Write the listing out again word for word, skipping each picture.

*** Source material ***

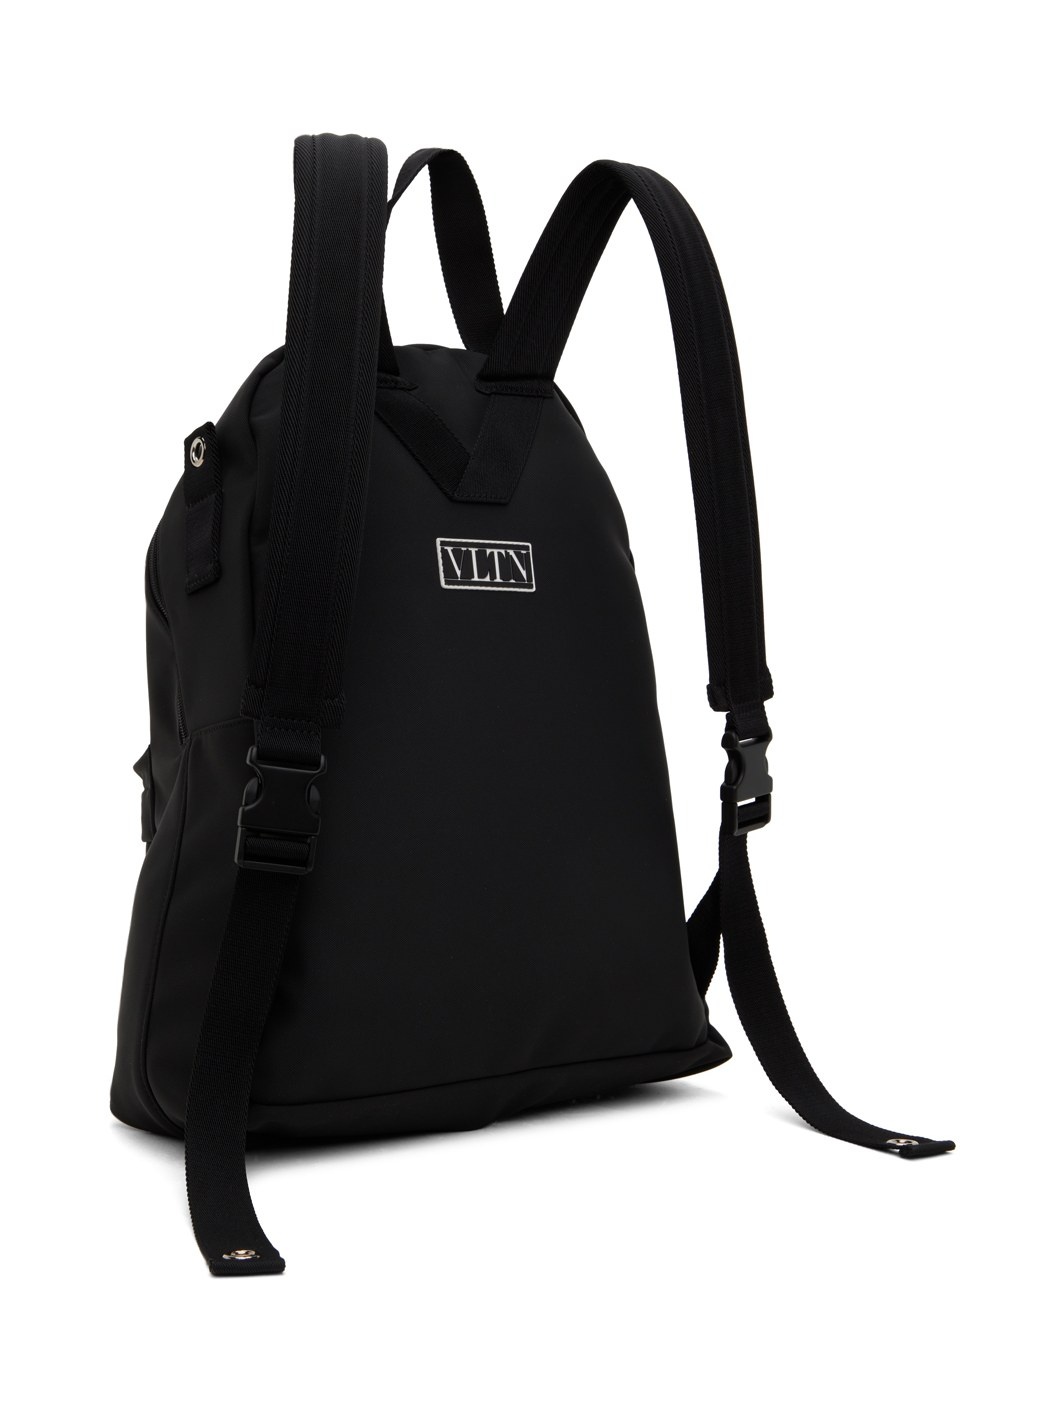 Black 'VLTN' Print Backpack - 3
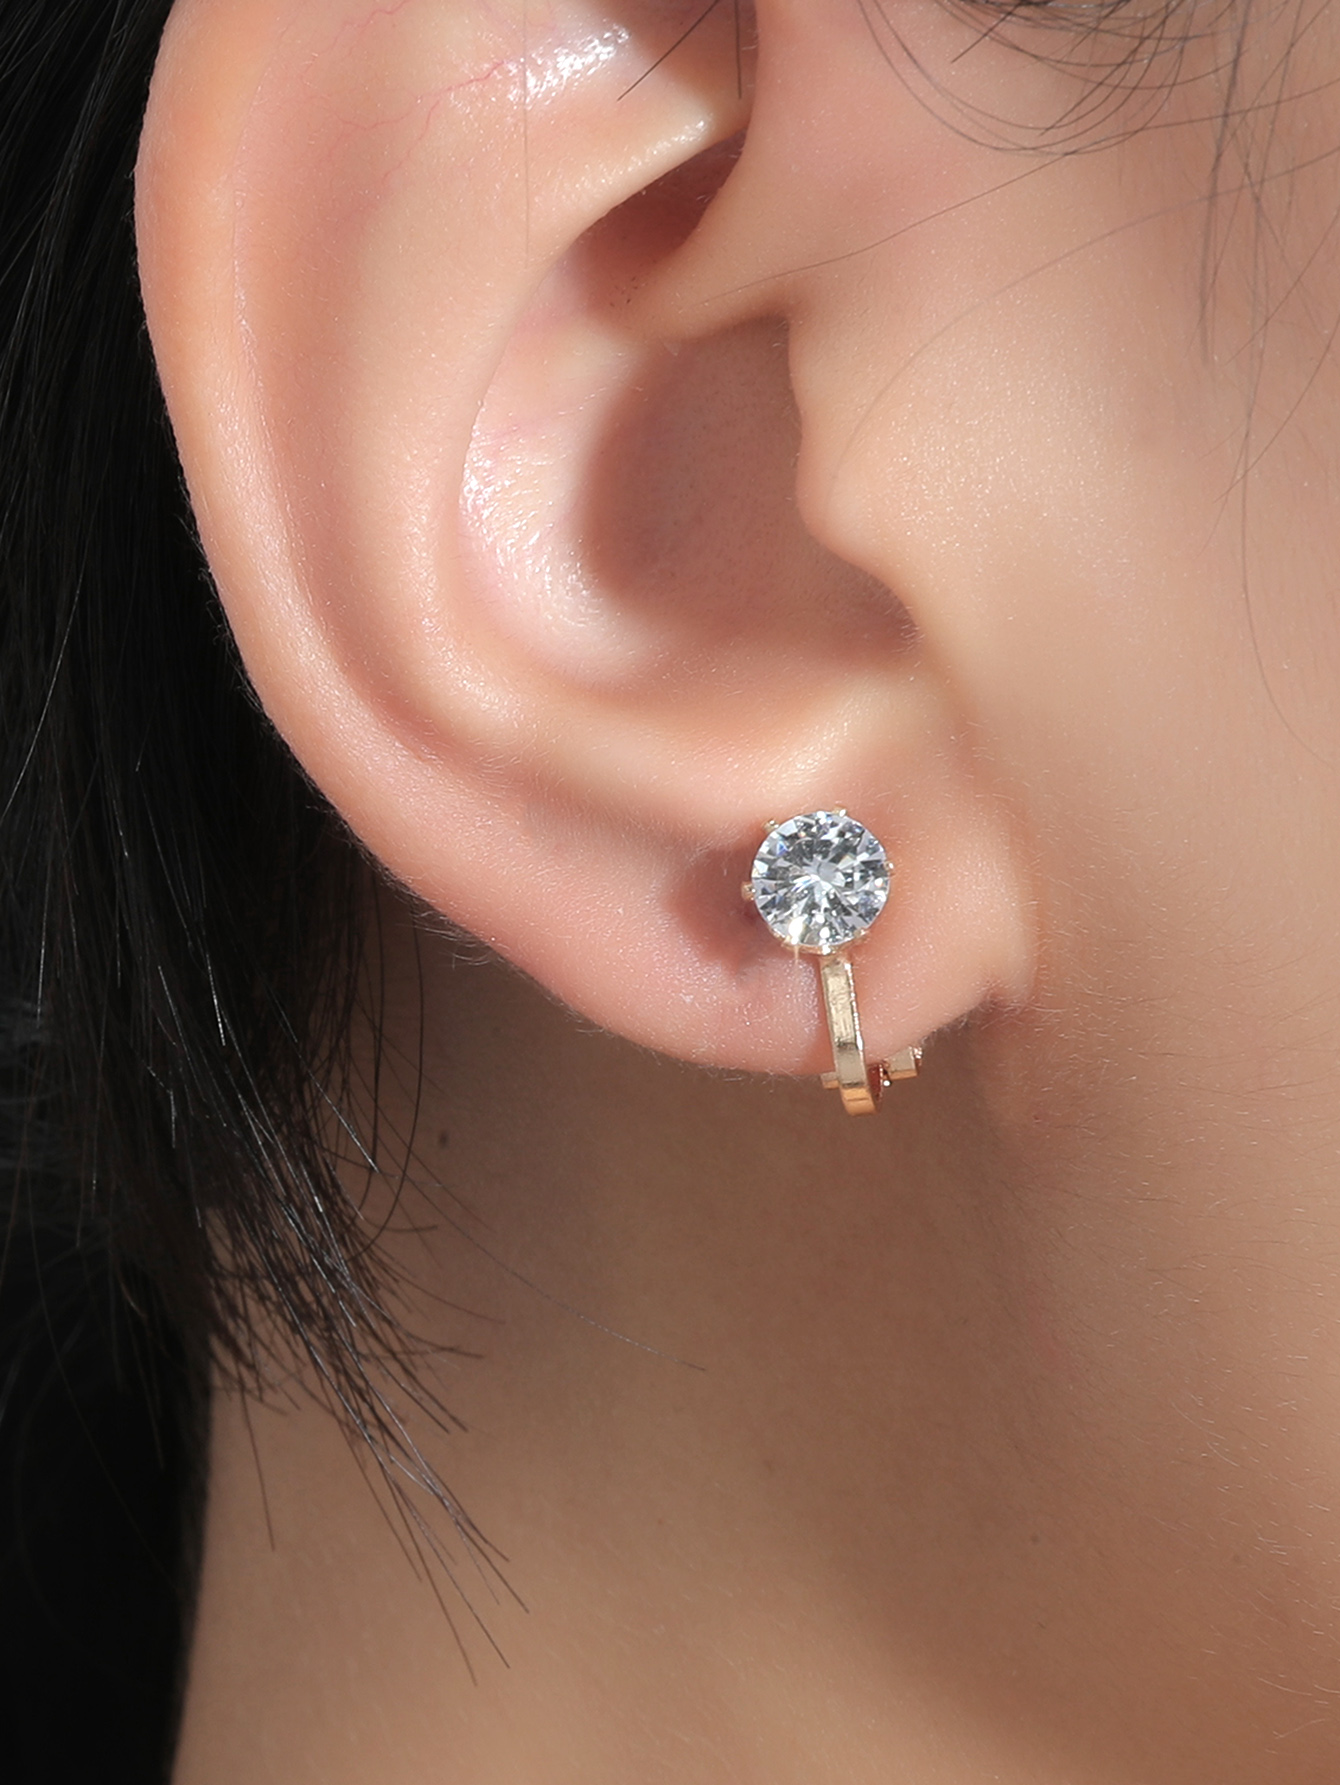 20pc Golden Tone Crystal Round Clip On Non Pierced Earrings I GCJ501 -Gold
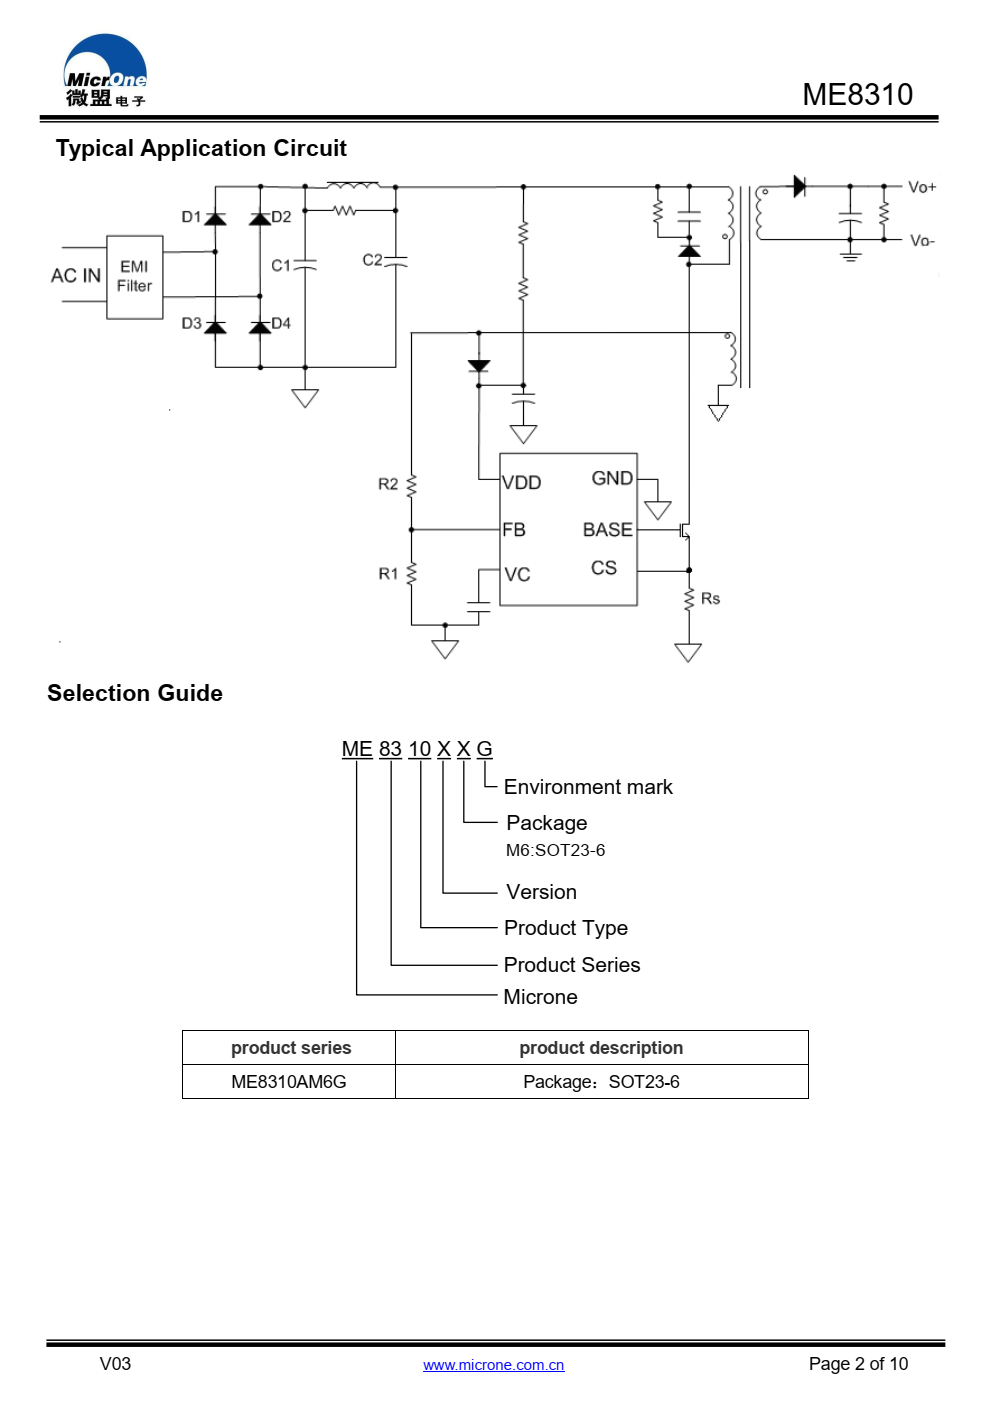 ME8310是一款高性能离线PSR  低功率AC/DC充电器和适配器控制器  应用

***

> Answer to this task
 Black 'VLTN' Print Backpack - 3
 20pc Golden Tone Crystal Round Clip On Non Pierced Earrings I GCJ501 -Gold
 ME8310是一款高性能离线PSR  低功率AC/DC充电器和适配器控制器  应用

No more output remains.